Ariana ergueu as mãos de Heitor e as beijou diante de todos, visivelmente emocionada.

— Vou lembrar disso para sempre. Na época, fiquei com pena e o chamei de bobo, mas ele respondeu que não se arrependia, pois fez tudo só para me ver sorrir. E ainda teve a vez que tive febre alta; o Heitor ficou três dias e noites acordado cuidando de mim, até parar no hospital. Ele disse que a minha vida valia mais que a dele...

A cada relato de Ariana, ouviam-se suspiros de inveja dos outros pais na gravação. Aqueles sons eram como facadas penetrando meu peito, causando uma dor física insuportável. O vídeo ainda tinha um longo trecho, mas desliguei o aparelho, incapaz de ouvir mais.

Era uma tortura, um sofrimento além do que eu podia aguentar. Cada história romântica que Ariana contava era como se milhares de pessoas me cortassem vivo.

— Essas coisas... fui eu quem fez por você! — Gritei até minha voz falhar, sentindo um frio gélido tomar conta da minha alma.

Ariana não era incapaz de amar ou desapegada das emoções mundanas. Sua frieza era exclusiva para mim. Ela se lembrava de cada gesto de carinho, de cada sacrifício que fiz, mas creditava tudo a outro homem.

A realidade era muito diferente do conto de fadas que ela narrava.
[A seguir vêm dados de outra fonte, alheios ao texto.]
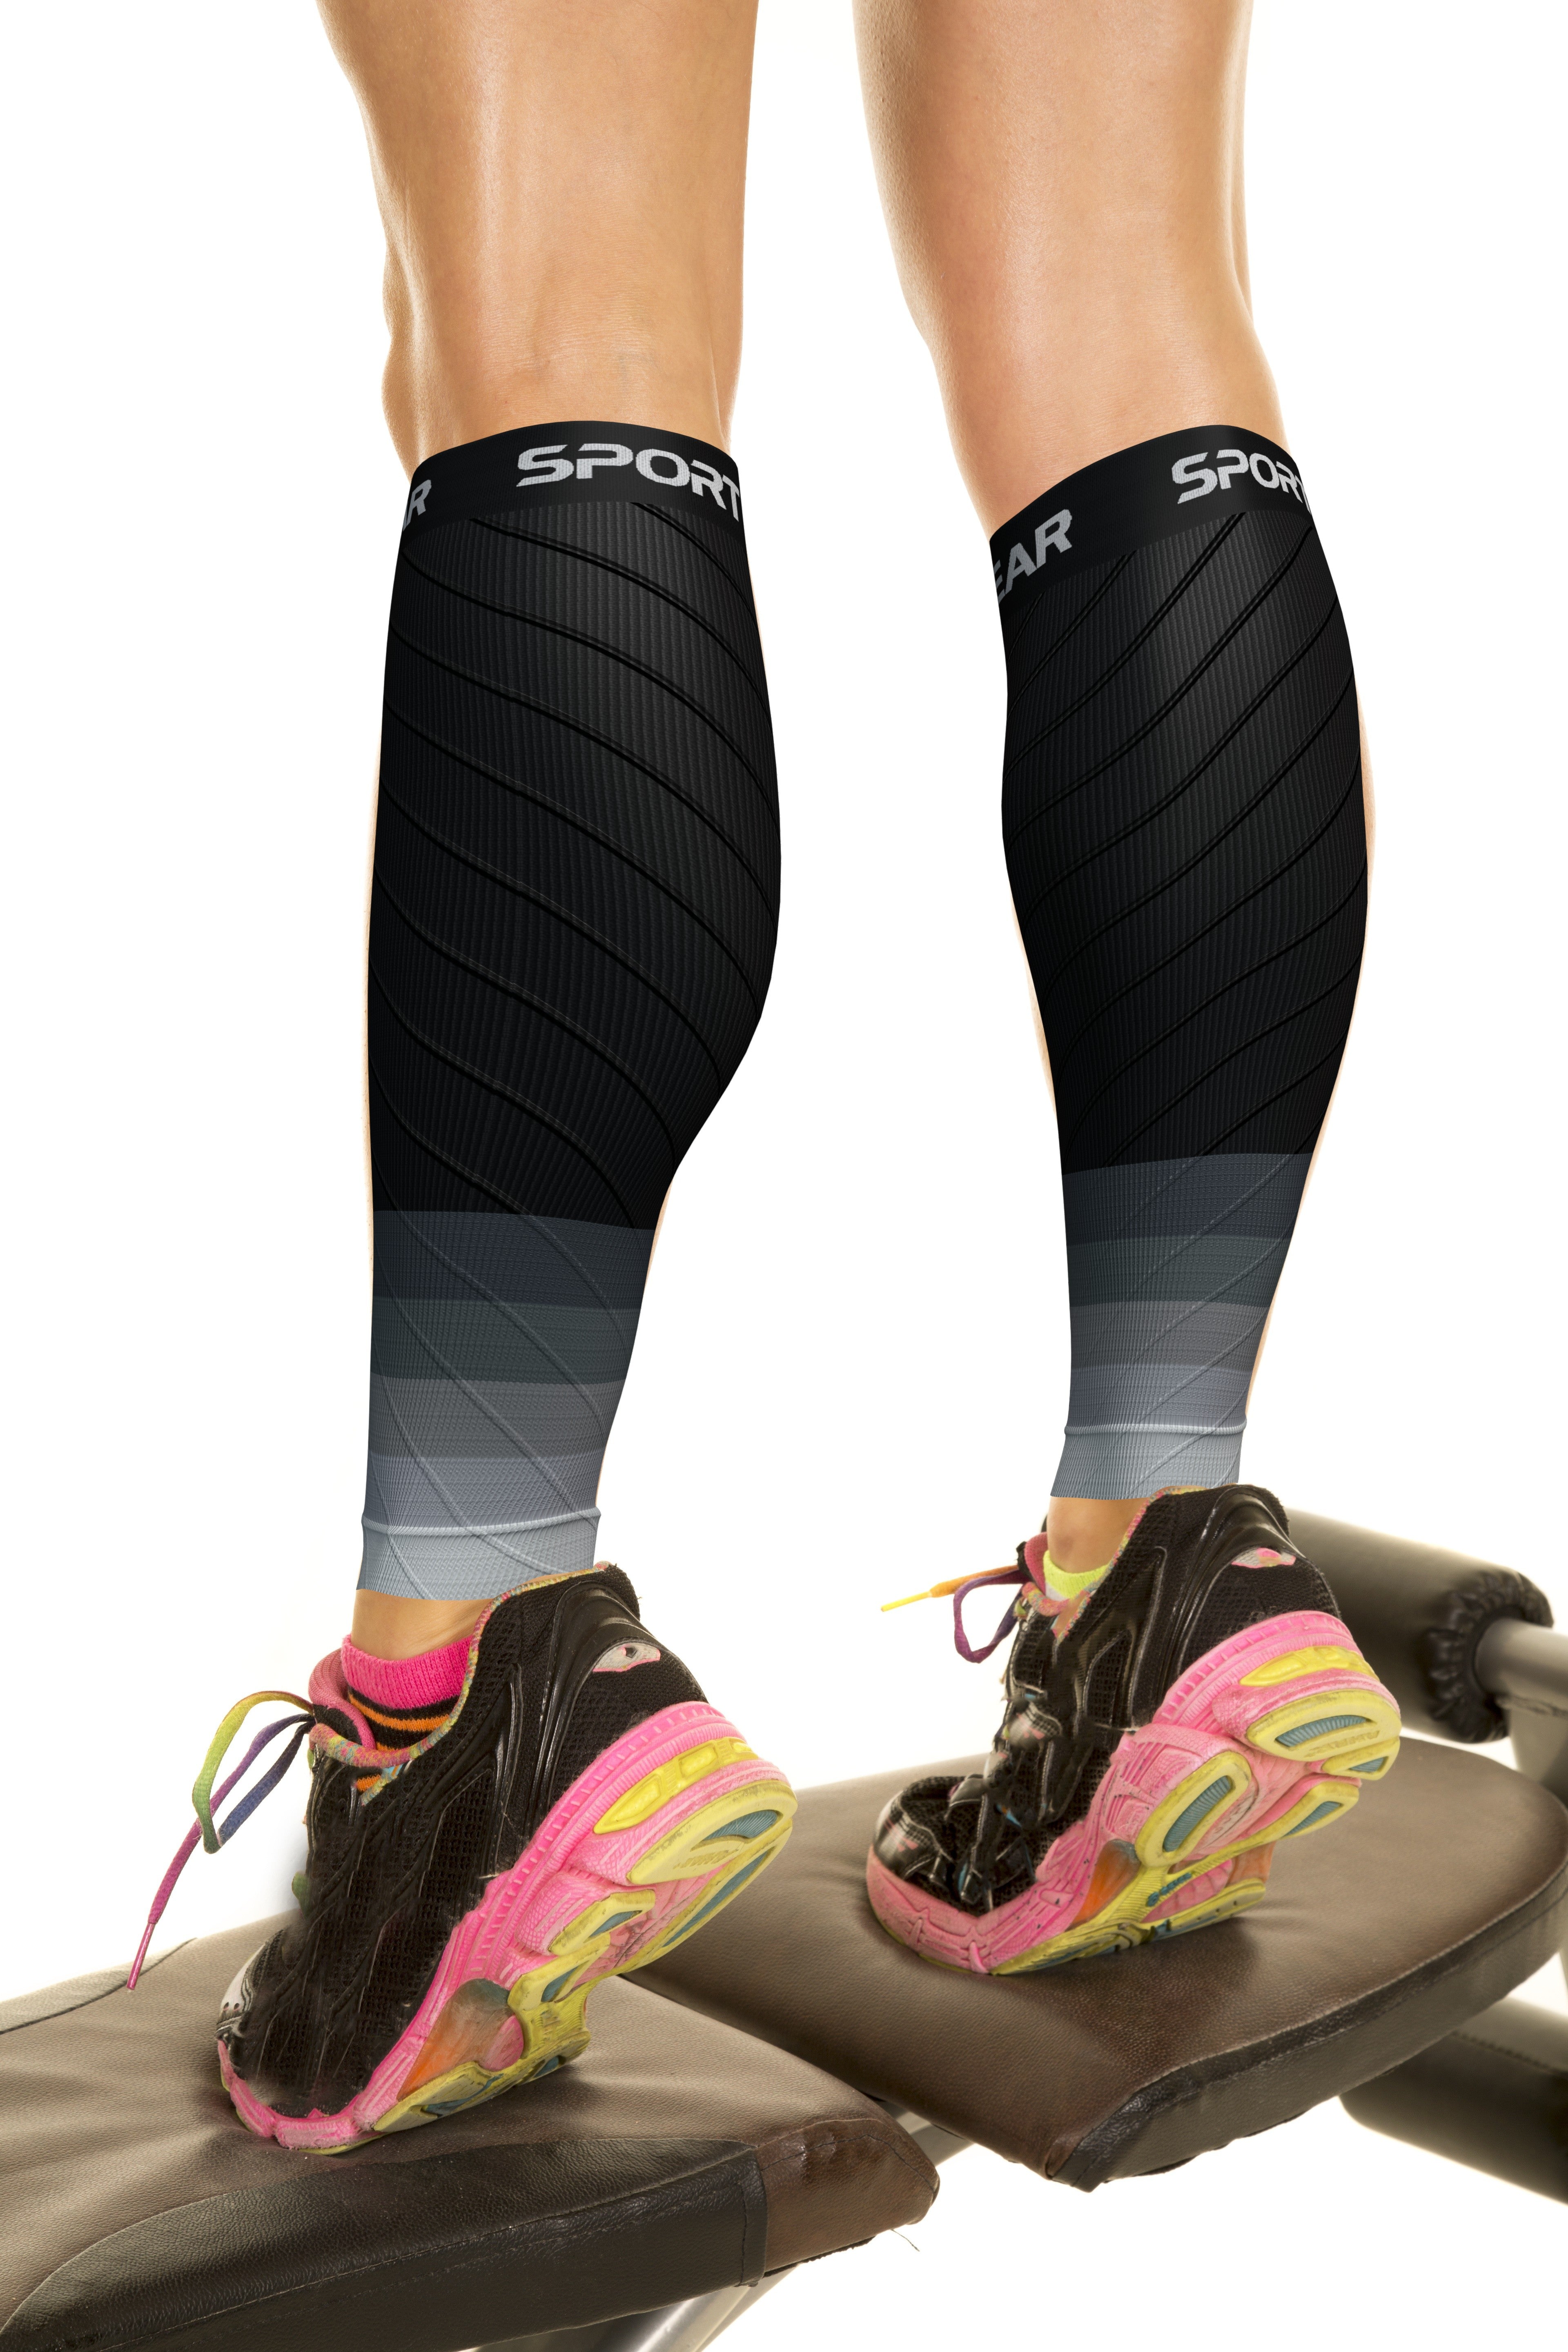 Calf Compression Sleeves - Supportive Legwear for Improved Circulation and Recovery - BLACK / GREY Color - L/XL Size

A bolsa que levei três noites inteiras para fazer? Ela apenas agradeceu de forma protocolar e nunca a usou. Sempre que eu perguntava, ela dizia não gostar do modelo. Fiquei dias me culpando, arrependido por não ter entendido o gosto dela antes de começar. O banquete que preparei com tanto esmero? Ela não tocou na comida. Pelo contrário, me repreendeu severamente, dizendo que budistas evitam o desperdício e o luxo, e que eu fiz aquilo por falta de respeito. Minha explicação de que só queria vê-la sorrir foi ignorada, e ela passou uma semana dormindo no templo como protesto.

Quanto às minhas mãos queimadas, sempre achei que ela não tivesse notado. Agora eu sabia que ela viu tudo, apenas não se importou o suficiente para demonstrar compaixão.

E a vez da febre alta... Fui eu quem pediu licença no quartel para cuidar dela dia e noite. Mas ela me expulsou do quarto. Ingênuo, achei que ela estava preocupada comigo, dizendo que a vida dela era mais importante. Mas minha dedicação só recebeu desprezo. Ela alegou que a febre era uma provação de Buda, uma bênção, e me proibiu de entrar, dizendo que eu era impuro e ignorante. Perdi o sono de culpa, estudei textos budistas tentando entender, mas nunca encontrei essa tal teoria de que "doença é bênção". Pensei que fosse minha falta de cultura, mas não passava de uma desculpa para me afastar.

Ela entendia meu amor, sim. Só que o coração de Ariana pertencia a outro, e ela desprezava o meu afeto.

— Ariana, o erro foi meu. Eu errei por ter te conhecido. — Murmurei, com as lágrimas já secas no rosto.

A tristeza extrema deu lugar a uma estranha sensação de dormência, quase um alívio. Agradeci por esse acaso do destino que, nas minhas últimas horas, me revelou toda a verdade.

Realmente, era o fim. Aquele casamento ridículo precisava acabar. Se Ariana não tinha coração, eu também deveria matar o que restava do meu.

Desci até a recepção do hotel, pedi papel e caneta, e escrevi minha despedida final.

[Ariana, independente da sua concordância ou se você está em período de preceito, nós acabamos oficialmente. Deixo o caminho livre para você, para seu primeiro amor, Heitor. Daniel é filho de vocês dois, não é? Não consigo compreender por que você sustentou essa mentira cansativa e se casou comigo. Cinco anos. Foi o tempo necessário para você me mostrar o quanto fui patético. Confesso que chorei até não ter mais lágrimas, mas não por você. Choro por mim mesmo, por ter desperdiçado minha vida. Como seu marido, sinto um ódio profundo por você. Mas, como bombeiro, não me arrependo de ter salvado vocês três no hotel. Agora, estou partindo para uma missão. Considere que morri nela. Não nos veremos mais. Esta carta é o meu adeus.]